His hand moved up my arm. “I’m sorry, darling, but I was so unsettled by your arriving late that Freddy’s stunt sent me over the edge.”

I should have tossed my train over my shoulder and stormed from the church.

In years to come my children would say, “Mummy, why do you have that wicked look on your face in your wedding pictures?” And I would have to explain to those innocent mites what it feels like to have the words “I do” drowned out by the babbling of the guests. They were still at it now as they stood grouped at the base of the steps.

“Hold that pose, lovebirds! Best profile forward, Ben. Love the Mona Lisa smile, Ellie.” Dorcas pegged her jockey cap on the head of a marble statue of the great local hero, Smuggler Jim Biggins, and jamming her red hair behind her ears, squared her shoulders and got down to the serious business of twiddling dials.

Click.
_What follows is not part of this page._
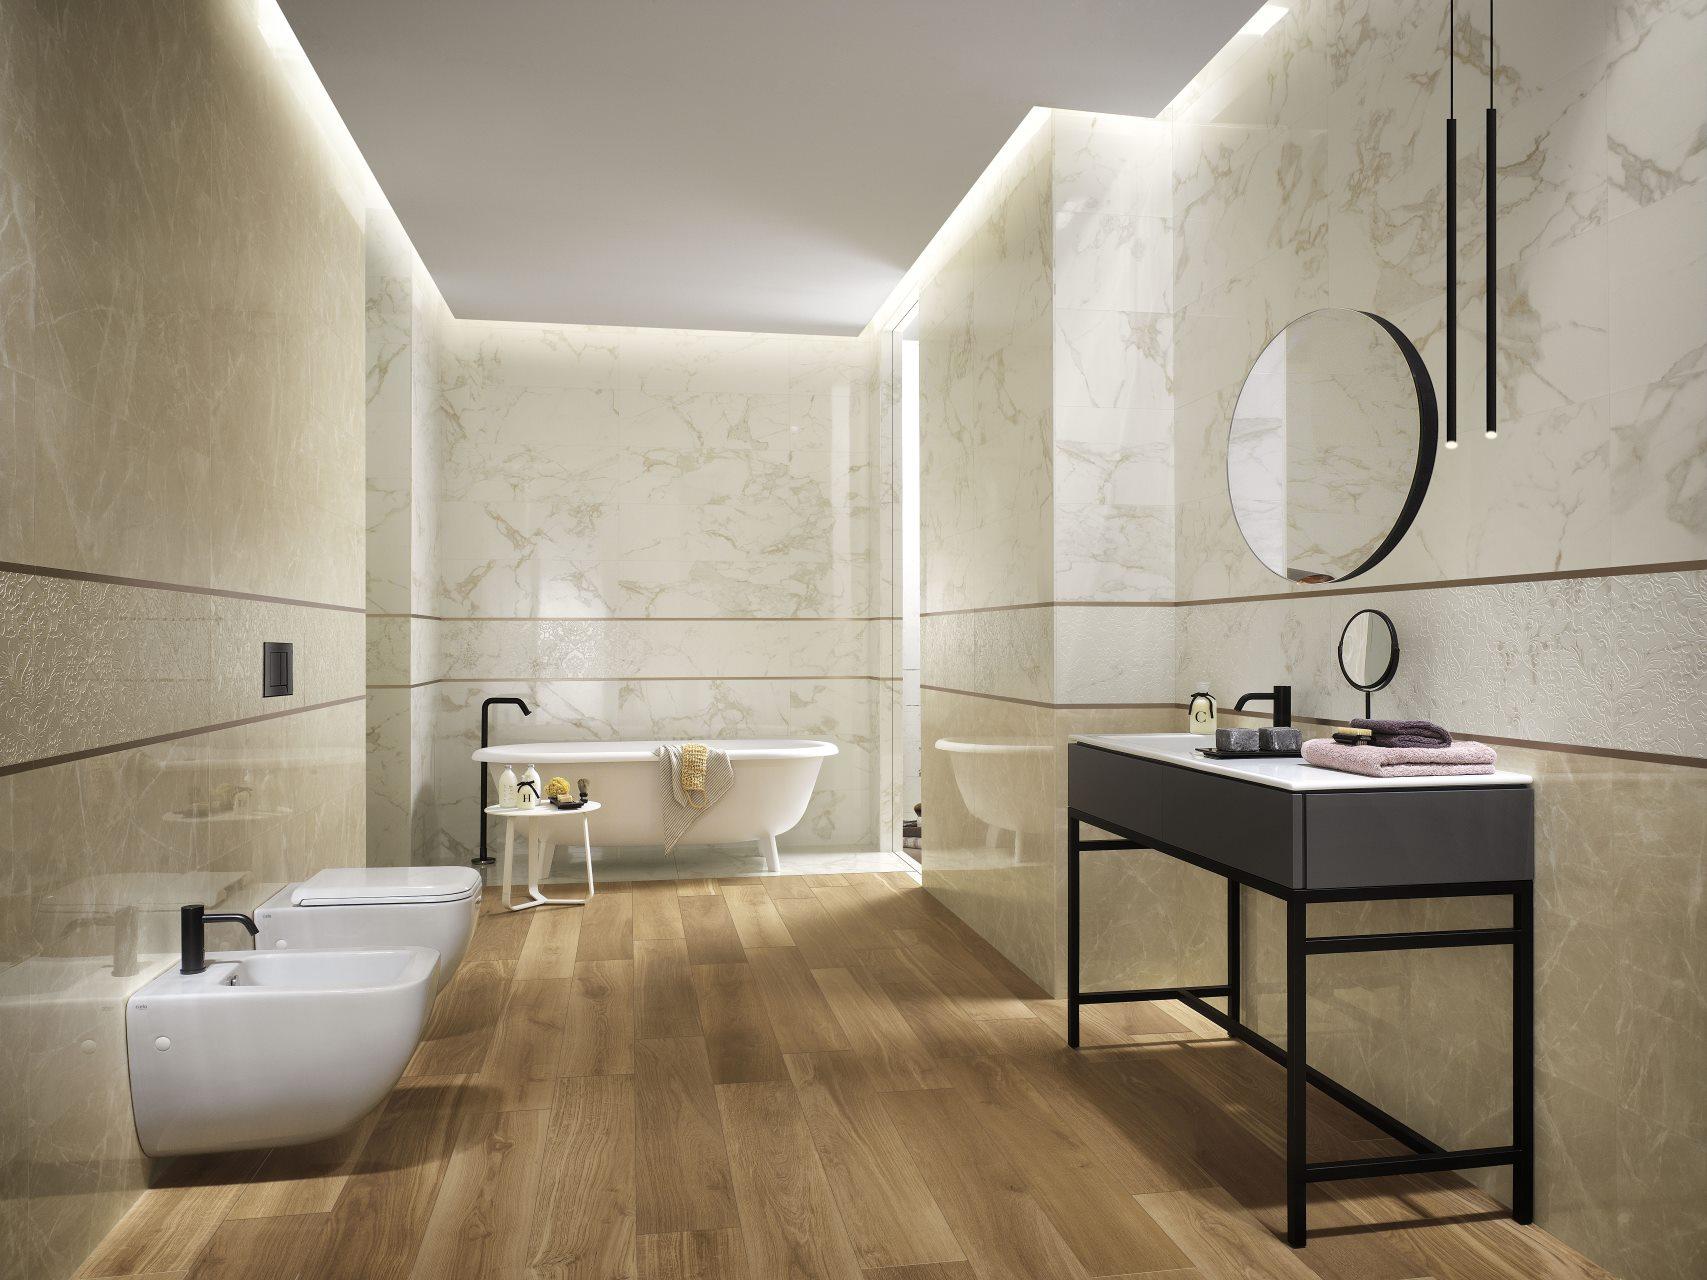 Roma classic una sofisticata interpretazione del marmo dall 39 eleganza contemporanea - Rivestimenti bagno roma ...

Click.

“Looks like we have to wait for these clouds to move, so go on, make a break for it, old son.” Ben’s eyes were on me as he spoke. I closed mine to keep my righteous anger intact.
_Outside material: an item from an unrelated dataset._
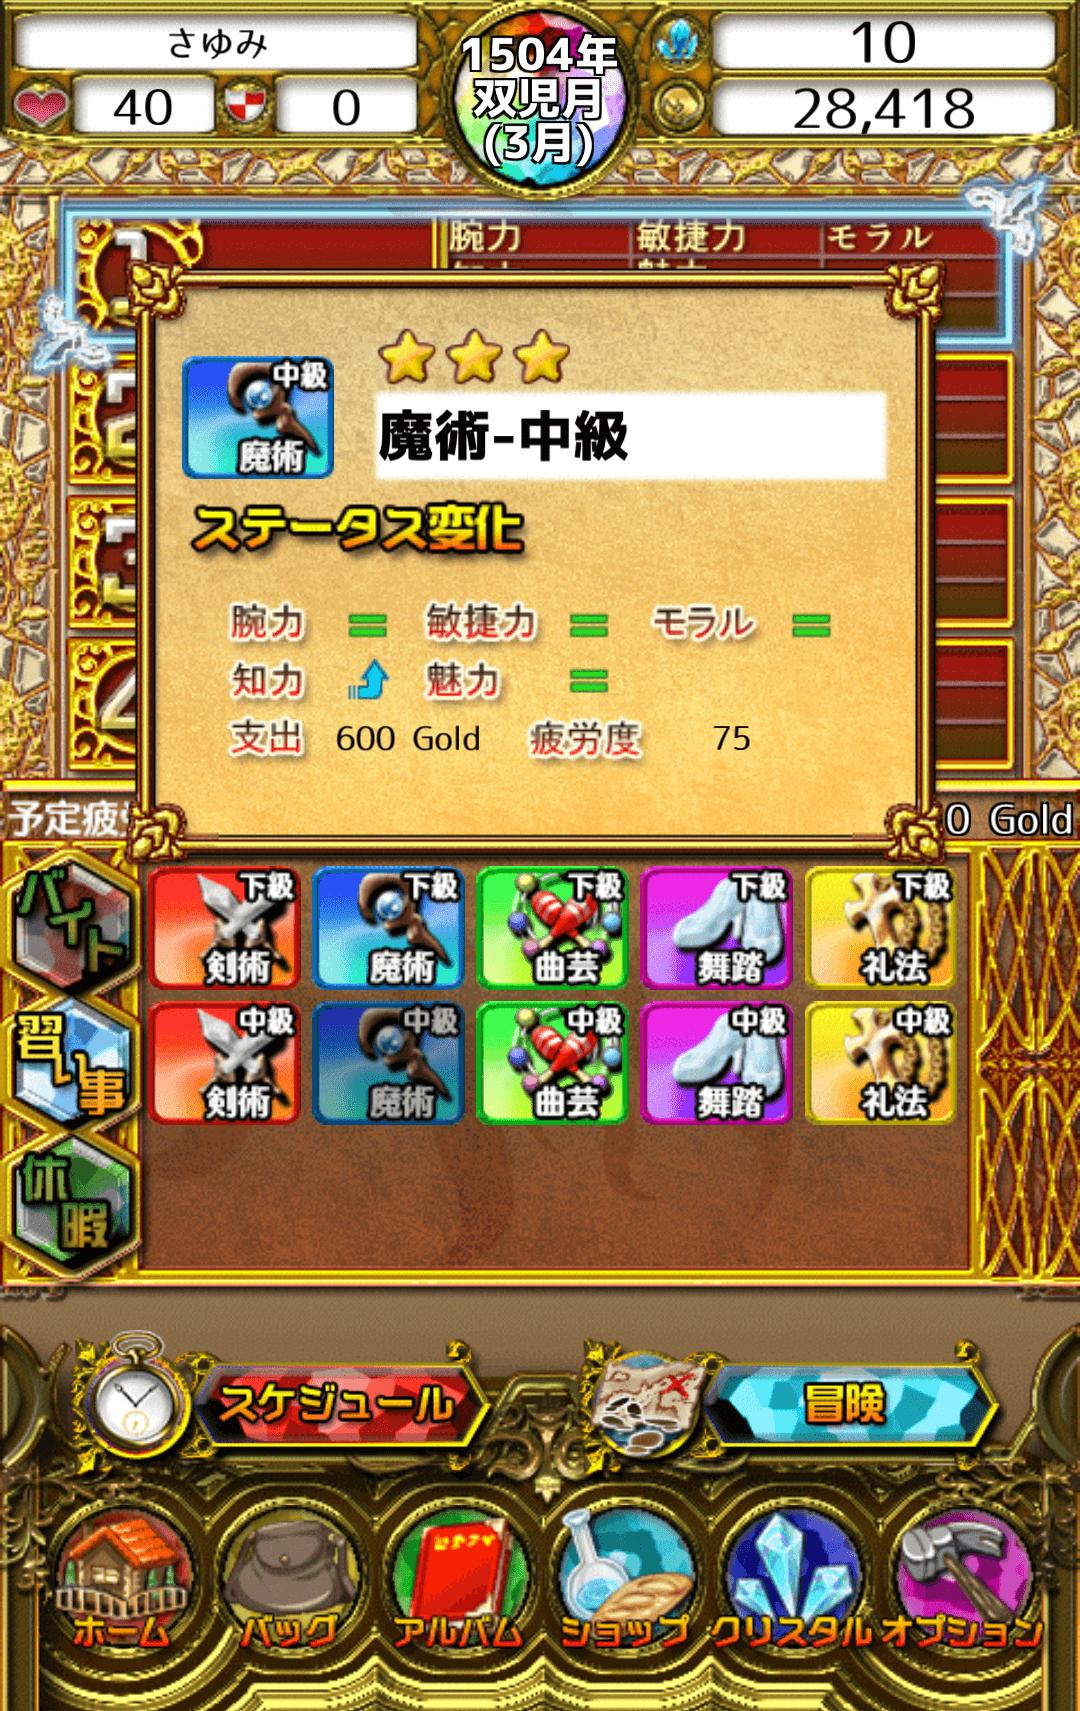 ポケットガール~魔王を狩るモノ~【ゲームレビュー】

“Do I get to kiss the bride?” asked lachrymose Sid, and I felt my hand lifted and pressed to a pair of lips-his, presumably.

“Sidney, how gallant!” I tapped him playfully with my bouquet, entirely for Ben’s benefit.

“Tall women bring out that side of me,” he mourned. “I refuse to stand on tiptoe to kiss even the best of them. I suffer enough indignity having people use my ass as a door scraper.” And with that he hunched off down the steps. Jonas stumped after him.

“Hold fast, Mr. and Mrs. H.” Dorcas was grimacing at the clouds now rolling like dense smoke across the sky. “Should brighten any minute, if it doesn’t pour first. Want some nice snaps to send Ma and Pa, don’t we, Ben? Must show the stay-at-homes what they missed.”

“Absolutely,” he replied.

I straightened the seed pearl tiara, fanned my veil over my shoulders, and smiled for the crowd. I could see my ex-neighbor and Freddy’s amour, Jill-the mystic, built like a toothbrush and with the same sort of bristly hairdo, wedged between Uncle Maurice and a woman in a busby. And there, next to Smuggler Jim’s statue, stood Mrs. Swabucher, all pink tulle and gusts of ermine. Rowland was wending up and down along the edge of the gravel path, the black book clasped in his hand. A sweep of overhanging branches cast shadows in his wake. He seemed to be looking over to the lich-gate.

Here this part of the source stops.